Add to this equation the fact that Dublin now has the youngest heroin addicts in Europe and the fact that the heroin epidemic is so confined to the decaying inner city areas and excluded working class suburbs and it can be clearly seen that heroin use in Dublin does not come under the category of recreational drug use. The reality is that young working people in the inner city and in the abandoned working class suburbs such as Cherry Orchard and parts of Tallaght use heroin both as a pain killer, in the lethal sense, and as a form of protest against a system that has left them without hope or opportunities.

The background to the current anti-drugs campaign lies in the Concerned Parents Against Drugs (C.P.A.D.) movement in the early 1980's. At that time local community activists in the North and South inner city and in Ballymun started to organise to force the heroin dealers out of their communities. Young people were starting to die as a result of I.V. drug use, flat complexes were being turned into drugs supermarkets where users from all over the city converged to get their gear. Parents of young children regularity found used needles in the hallways and on the stairs and the official response was useless.

There is little doubt that this completely ineffective and disinterested response was there because the communities effected by the problem were of no concern to the state and the people who lived there had already been written off; to be left to survive as best they could. Third generation unemployment is a fact of life in inner city communities, with all the poverty and despair that goes along with that situation.

C.P.A.D organised by attempting to physically force known dealers out of the communities. Local community meetings - open to all - were held, dealers were named and given the chance to come to the meeting and defend themselves or explain their position. When they failed to appear or failed to satisfy the community about their activities, a march would be organised to the house or flat where they lived and every effort would be made to evict them, including throwing out their furniture and so on.
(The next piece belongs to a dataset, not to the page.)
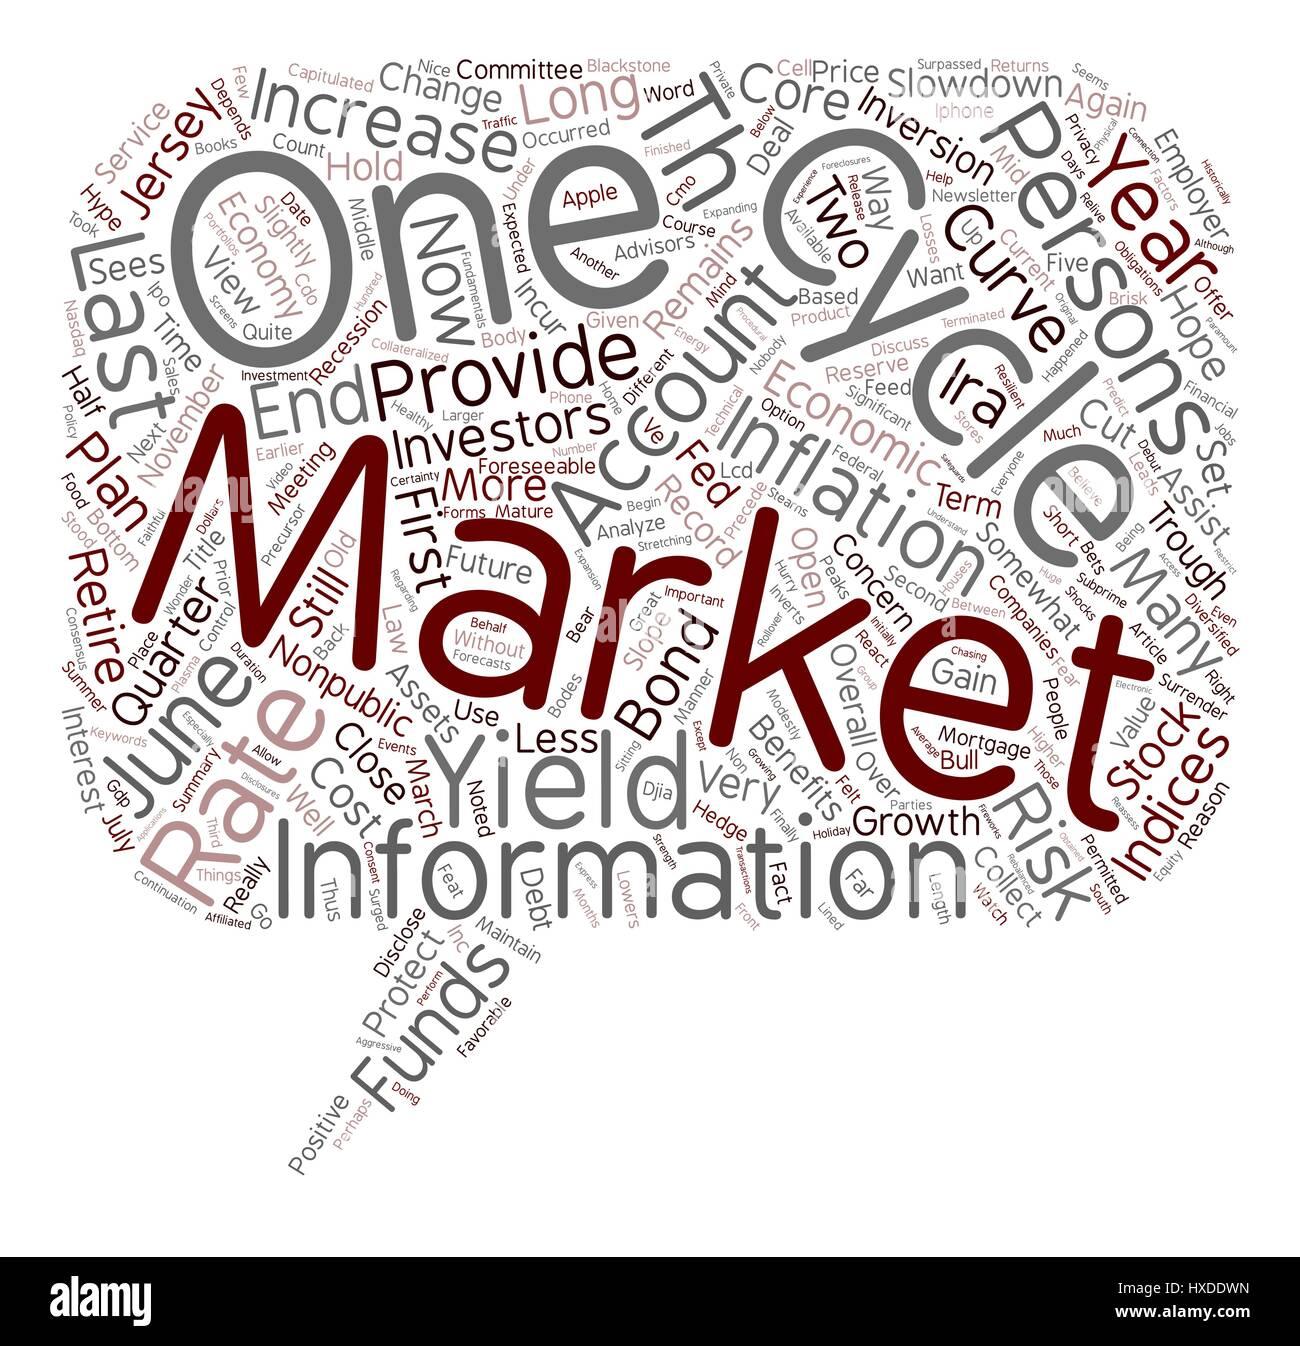 Jersey Benefits Advisors Newsletter Summer 2007 text background wordcloud concept - Stock Vector

This campaign lasted just over two years and had some successes. Several of the larger dealers were arrested and got long jail sentences. However anti-drugs activists, the best known being Whacker Humphries, was also tried in the no- jury Special Criminal Court. Humphries was jailed for his efforts to defend his community from the heroin dealers. In the end an analysis of the C.P.A.D. campaign would have to conclude that it was not effective in its objectives.

Within a matter of years the heroin epidemic was worse than ever in the same areas and in newer areas too. We can come back in the discussion as to why this was the case but it has relevance to the situation now.
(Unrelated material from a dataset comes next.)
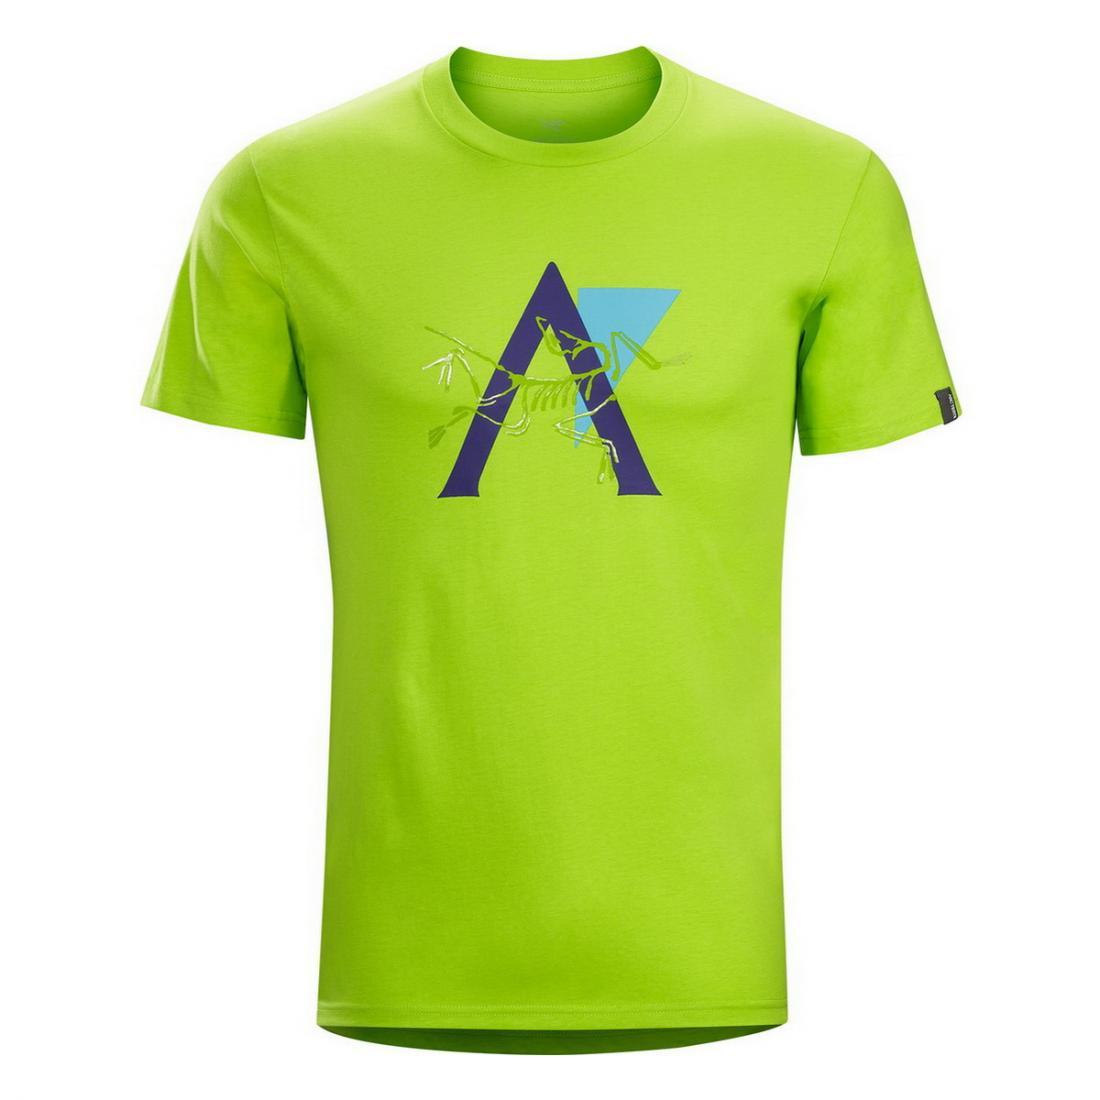 Футболка Stack SS T-Shirt муж.Футболки, поло<br><br><br>Цвет: Салатовый<br>Размер: XL

The City Wide Drugs Crisis Campaign was set up in 1995 by community activists from the North Inner City in response to the escalating heroin epidemic in parts of the city. The levels of drug-related crime had shot up in these areas too and was destroying the very fabric of these close-knit inner city communities. Initial meetings concentrated on bringing in other forces such as the trade unions with some success.

C.P.A.D. had not totally died, especially in the South Inner city, and there was a return - slow at first - to the policy of marches and mass meetings to push the dealers out. Then in August last year the Gardai attacked the community in Summerhill, following the arrest and quick release of a known dealer. A huge angry public meeting followed and from then until the present time there have been huge mass meetings followed by marches to dealers houses in the North and South Inner City and in several of the working class suburbs.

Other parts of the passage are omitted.